Exercise details: Nothing but the line holding "Watermelon cutie pie photo" and the lines after it, through the end of the records, should be set down, each exactly as it is.

Recorded data:
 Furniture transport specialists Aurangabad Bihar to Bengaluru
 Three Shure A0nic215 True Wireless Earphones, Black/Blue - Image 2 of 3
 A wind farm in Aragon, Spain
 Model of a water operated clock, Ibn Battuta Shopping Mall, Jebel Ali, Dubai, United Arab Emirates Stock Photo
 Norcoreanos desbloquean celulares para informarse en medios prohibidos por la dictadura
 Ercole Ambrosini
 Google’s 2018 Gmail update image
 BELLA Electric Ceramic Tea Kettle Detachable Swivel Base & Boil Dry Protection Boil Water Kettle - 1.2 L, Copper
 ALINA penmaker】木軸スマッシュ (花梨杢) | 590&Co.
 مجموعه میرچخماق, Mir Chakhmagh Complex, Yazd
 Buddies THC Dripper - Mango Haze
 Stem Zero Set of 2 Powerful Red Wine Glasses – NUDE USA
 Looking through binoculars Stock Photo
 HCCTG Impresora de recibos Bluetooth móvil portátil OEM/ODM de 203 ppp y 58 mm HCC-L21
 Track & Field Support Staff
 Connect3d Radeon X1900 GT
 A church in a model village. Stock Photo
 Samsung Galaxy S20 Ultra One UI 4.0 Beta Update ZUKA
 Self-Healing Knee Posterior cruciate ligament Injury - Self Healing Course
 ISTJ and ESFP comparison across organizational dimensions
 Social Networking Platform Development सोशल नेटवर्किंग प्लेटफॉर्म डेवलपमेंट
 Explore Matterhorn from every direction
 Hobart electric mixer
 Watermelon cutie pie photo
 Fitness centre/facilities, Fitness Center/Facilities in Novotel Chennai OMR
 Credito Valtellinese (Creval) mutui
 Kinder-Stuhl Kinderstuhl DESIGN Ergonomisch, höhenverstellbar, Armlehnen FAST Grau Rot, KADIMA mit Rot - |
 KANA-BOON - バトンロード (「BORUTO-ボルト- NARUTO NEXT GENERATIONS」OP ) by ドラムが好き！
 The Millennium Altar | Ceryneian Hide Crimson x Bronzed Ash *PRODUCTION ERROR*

Problem solution:
 Watermelon cutie pie photo
 Fitness centre/facilities, Fitness Center/Facilities in Novotel Chennai OMR
 Credito Valtellinese (Creval) mutui
 Kinder-Stuhl Kinderstuhl DESIGN Ergonomisch, höhenverstellbar, Armlehnen FAST Grau Rot, KADIMA mit Rot - |
 KANA-BOON - バトンロード (「BORUTO-ボルト- NARUTO NEXT GENERATIONS」OP ) by ドラムが好き！
 The Millennium Altar | Ceryneian Hide Crimson x Bronzed Ash *PRODUCTION ERROR*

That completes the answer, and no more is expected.